= Vivid (arts centre) =

Vivid (stylised as VIVID) was a centre for the production and exhibition of media art, located in the Digbeth area of Birmingham, England.

Vivid commissioned and exhibited work both for its own exhibition space and for other locations, provided spaces and resources for the production of interdisciplinary art and hosted a programme of residencies for visiting artists, commissioned major new works and large scale touring exhibitions from artists and exhibited artists' work.

After failing to win Arts Council funding Vivid closed in 2012. Vivid Projects was started soon after by the Vivid curatorial team and is based at Minerva Works in Digbeth.

==Function==
Vivid commissioned and exhibited work both for its own exhibition space and for other locations, provided spaces and resources for the production of interdisciplinary art and hosted a programme of residencies for visiting artists, commissioned major new works and large scale touring exhibitions from artists including Haroon Mirza, Richard Billingham, Heather & Ivan Morison and exhibited artists from 1960 Fluxus movement to rising art stars. In 2008–11 it generated 27 international residencies and exhibitions with Vivid commissions presented at the Venice Biennale, Frieze Art Fair, The Art of Ideas and British Art Show 7; and touring to London and Gothenburg.
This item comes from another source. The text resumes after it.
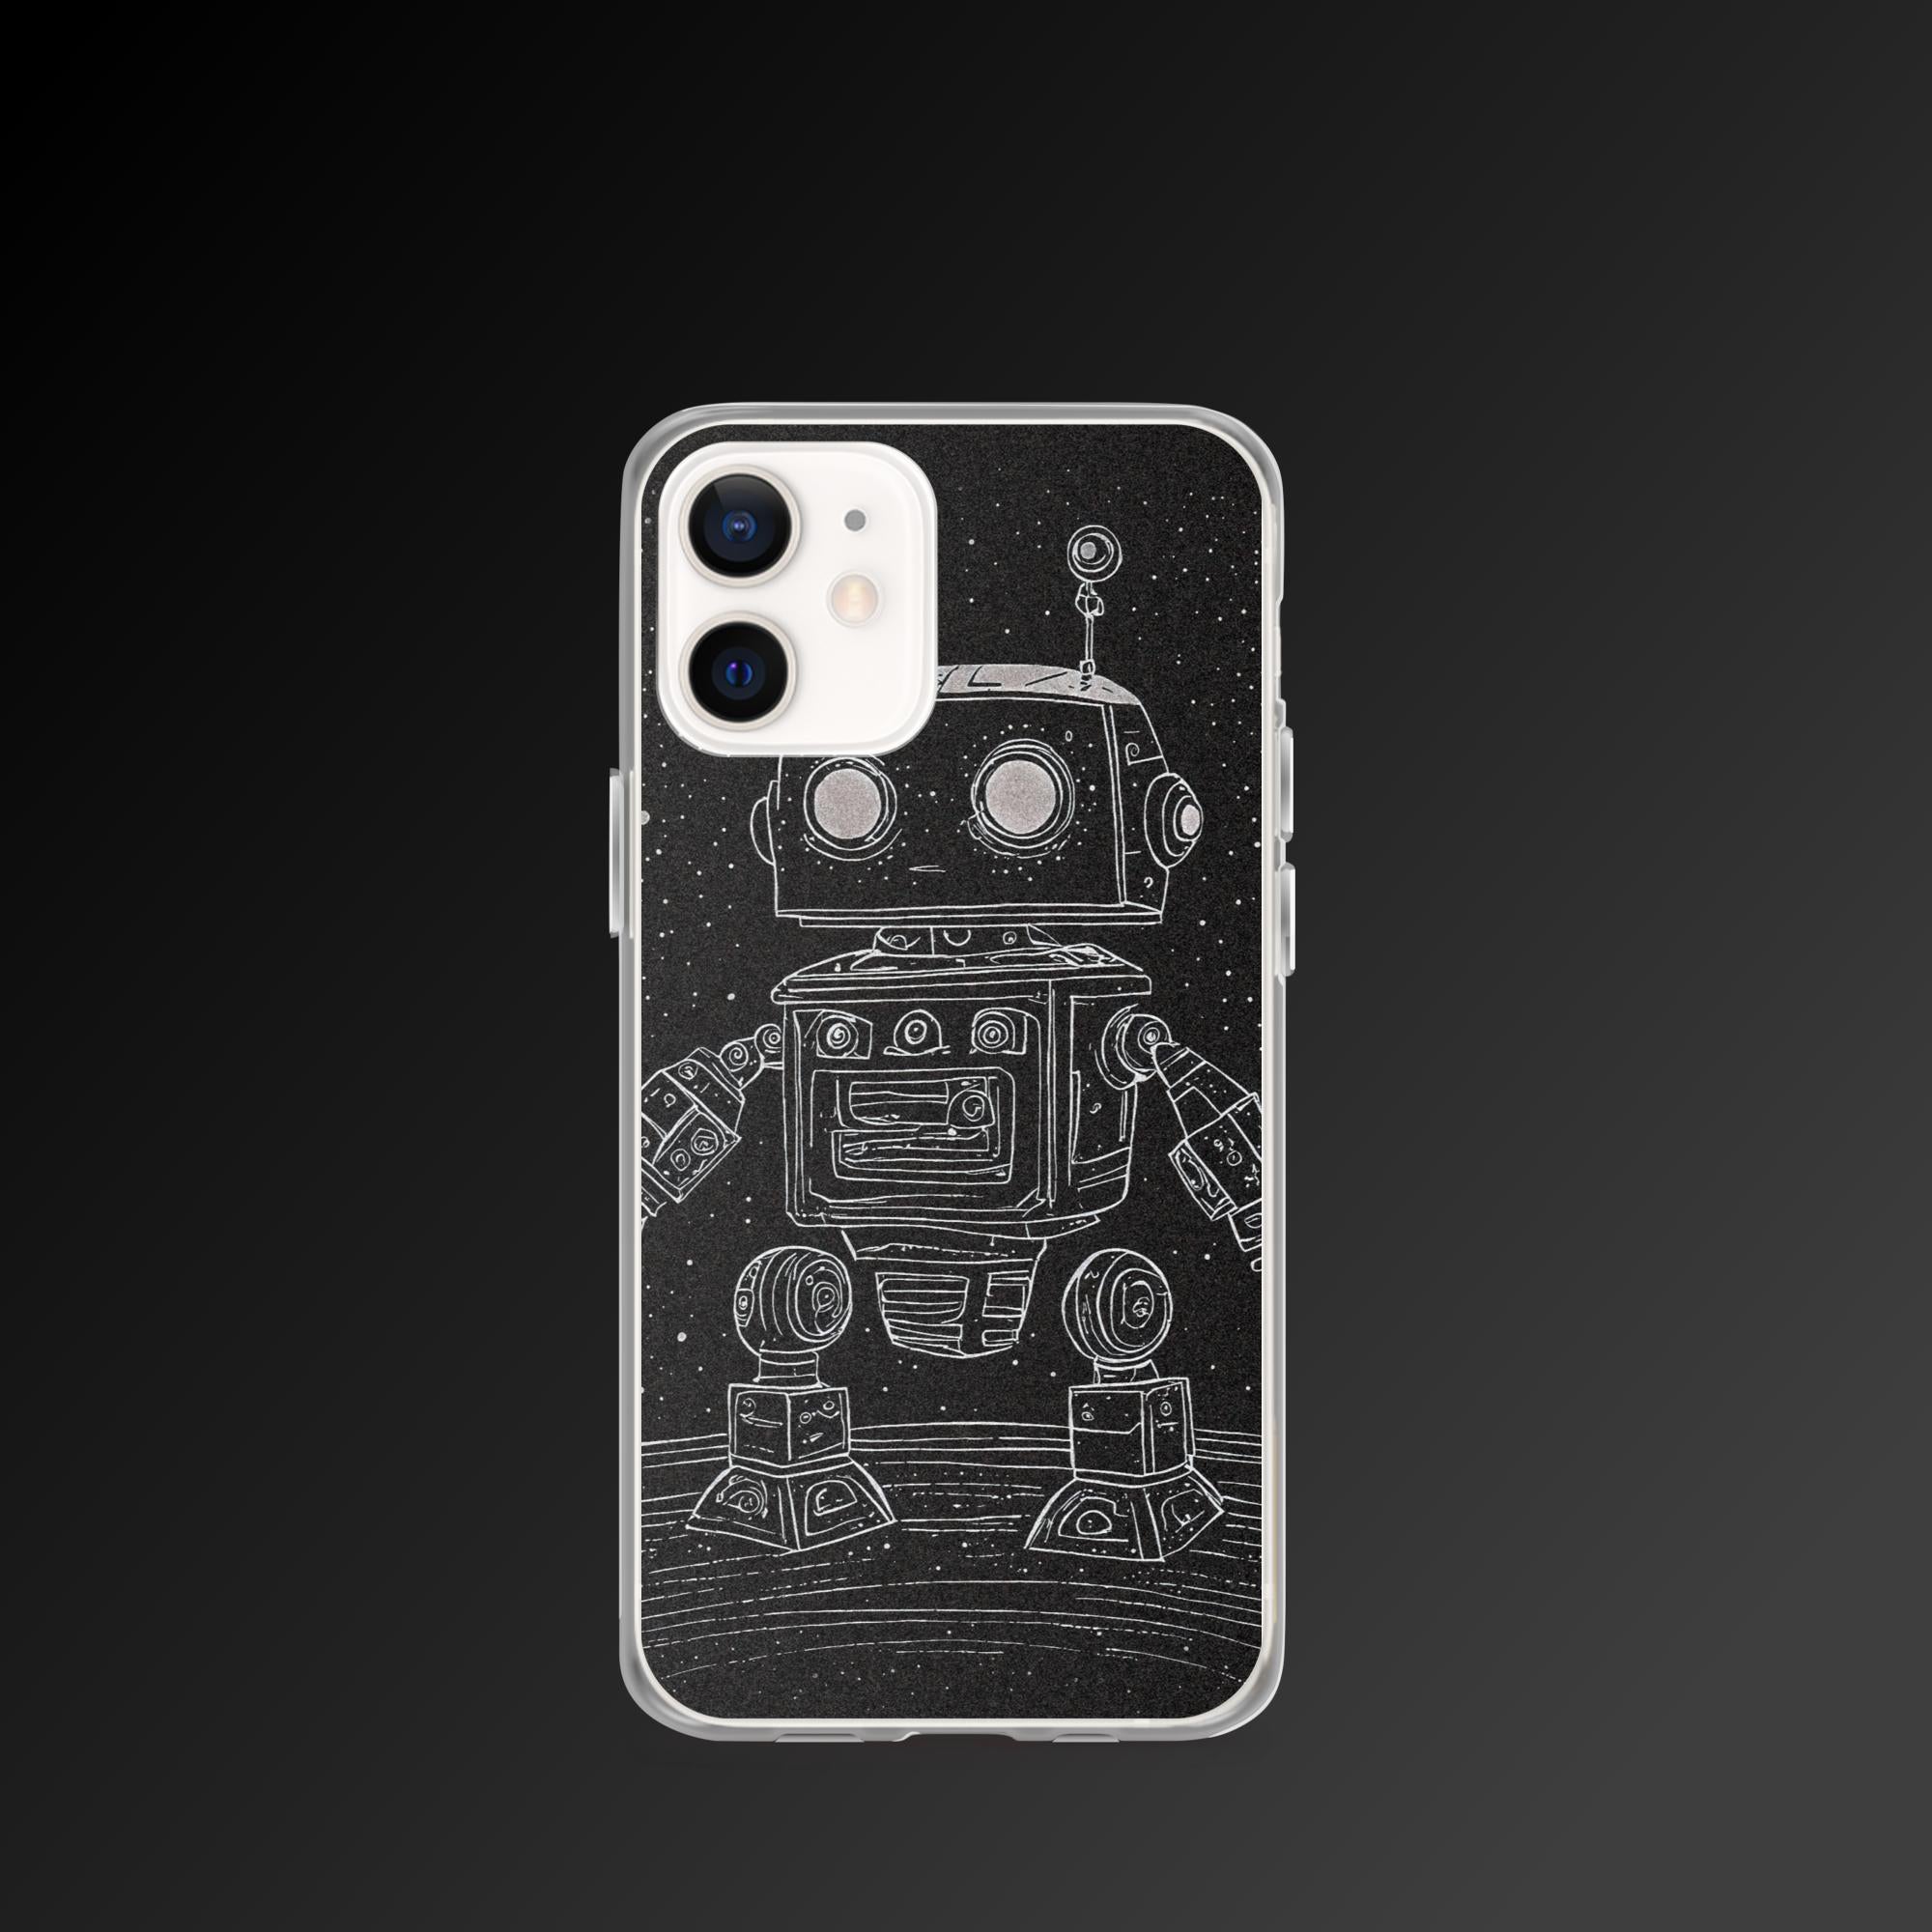 "Grayscale starobotics" clear iphone case - Clear iphone case - Ever colorful

Vivid produced and curated emerging and mid-career artists and presented their work in local, national and international contexts. Described in The Guardian as 'superb' the critically acclaimed public programme presented a wide variety of new commissions, thematic shows, talks, screenings and pop up events year round.

==History==
The company began trading as Vivid in the late 1990s, but was established as Birmingham Centre for Media Arts in 1992, when TURC Video amalgamated with the community arts organisation Wide Angle. The conjunction of the two entities created a hybrid resource unique in Birmingham: a film, video and photography workshop creating community access to what at the time was the dominant means of visual communications.

Popularly known in the 1990s as BCMA, the centre adopted the name Vivid following a re-location to The Big Peg in Birmingham's jewellery quarter and began several years of digital image making, digital video training and artist development. From 2000 Vivid concentrated on developing contemporary new media and artist moving image through production, commissioning, exhibition and event programmes.

The organisation moved to its final home, called The Garage – a former motor garage built in the 1950s – from its previous location in the Jewellery Quarter in April 2005. Renovation of the large MOT garage, in order to provide an exhibition and events programme alongside artist production, created a flexible, multi-purpose space for Digbeth – the first in the area. The Garage, occupied 3000 sqft and still bore the evidence of its former use as a vehicle repair workshop, including a large area marked "MOT Bay".

After failing to win Arts Council funding Vivid closed in 2012. Vivid Projects was started soon after by the Vivid curatorial team and is based at Minerva Works in Digbeth.